Differences in Therapies Utilized
Table 2 shows the differences in the therapies between the EFT and non‐EFT groups. Although there was no difference between the 2 groups for maximum dose during the disease course and current dose of oral PSL, in the non‐EFT group there was a longer duration when taking PSL ≥20 mg (P < 0.0001) and for PSL ≥10–19 mg/day (P = 0.02). The frequency of CNI use (P = 0.001) was higher in the EFT patients. In addition, plasmapheresis, HMP, and IVIg were all performed more frequently within 6 months and within 1 year from starting the immune therapy and throughout the therapeutic course in the EFT group (P < 0.0001). These therapies were not employed in the non‐EFT group, except when attempting to treat or avoid crisis.

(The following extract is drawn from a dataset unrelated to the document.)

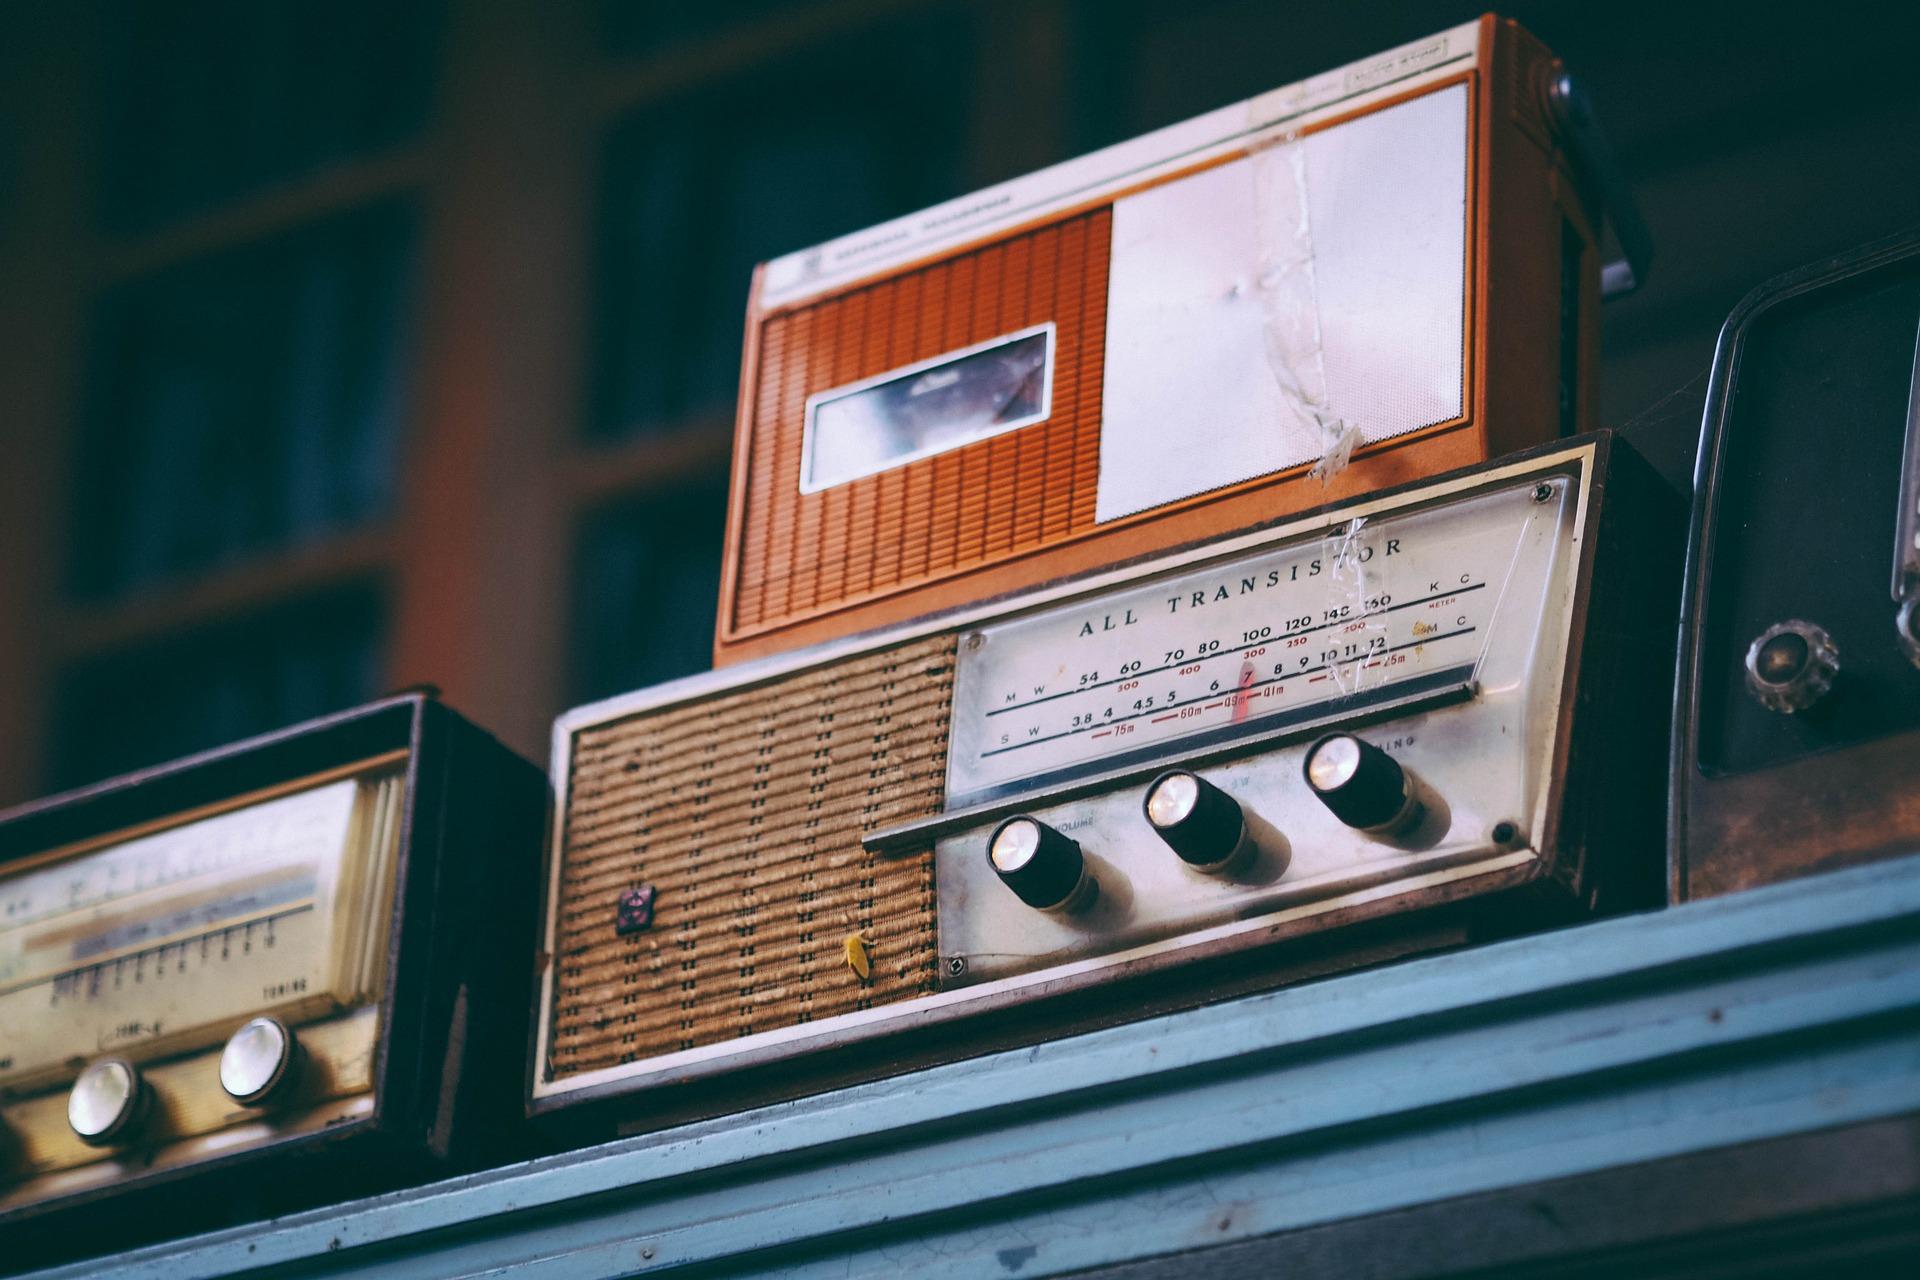 V Ukraїni z'javyťsja peršyj Muzej radio- i telezv'jazku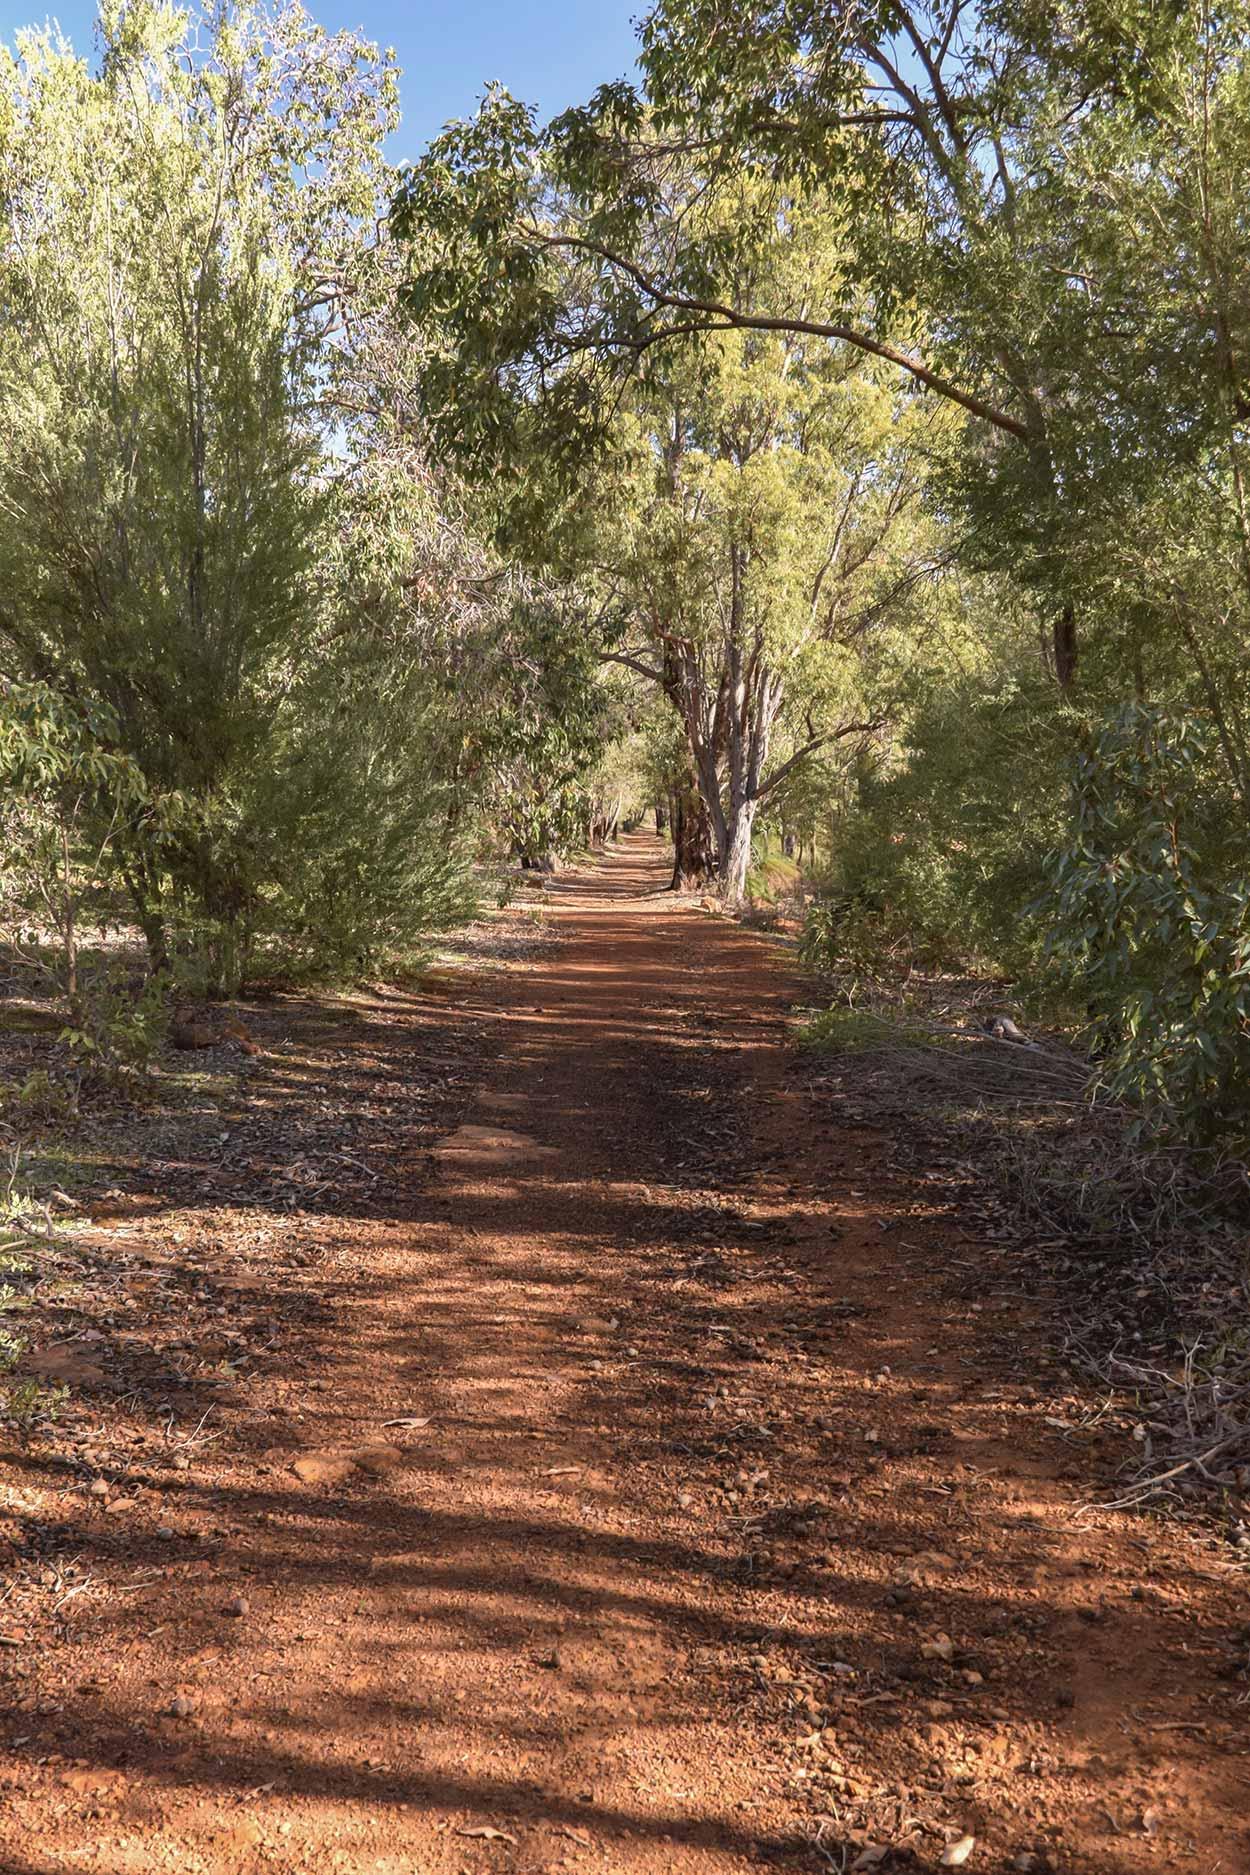 Walking in Churchman's, Wungong Regional Park, Perth, Western Australia

Differences in Time Course Required to Achieve Treatment Target
Figure 2A shows Kaplan–Meier curves for the time to first achieve treatment target (MM‐or‐better‐5mg for ≥6 months) in both the EFT and non‐EFT groups. The treatment target was achieved more frequently and earlier in the EFT group (P = 0.0004, Wilcoxon test; P = 0.0001, log‐rank test; Fig. 2A). For univariate Cox regression, utilization of EFT to achieve the treatment target resulted in an HR of 1.61 (95% CI 1.27–2.04; P = 0.0001). Furthermore, when adding the background factors that showed significant differences between the 2 groups (Table 1) to the multivariate Cox regression analysis as covariables simultaneously with the utilization of EFT, the HR and the 95% CI for each covariable were as follows: duration of the immune treatment (HR 0.97; 95% CI 0.95–0.99; P = 0.008); MGFA classification (HR 0.84; 95% CI 0.72–0.98; P = 0.02); bulbar symptoms (HR 0.71; 95% CI 0.54–0.93; P = 0.01); and CNI use (HR 0.60; 95% CI 0.46–0.78; P = 0.001), with use of EFT resulting in a significant change (P < 0.0001) in HR to 1.98 (95% CI 1.51–2.60). CNIs are effective in MG,4, 13 and frequent use of CNIs in the EFT group may have promoted achievement of the treatment target. However, the beneficial effects of CNIs were not detected in the multivariate analysis, suggesting that the effects were not strong beyond the effects of EFT.
Figure 2.
(A) Kaplan–Meier curves for the first achievement of the treatment target (MM or better‐5mg for ≥6 months) in both the EFT and non‐EFT groups. (B) Baseline cumulative hazard curves for both the EFT and non‐EFT groups, excluding the effects of the covariables as a function of time. EFT, early fast‐acting treatment; MM, minimal manifestations.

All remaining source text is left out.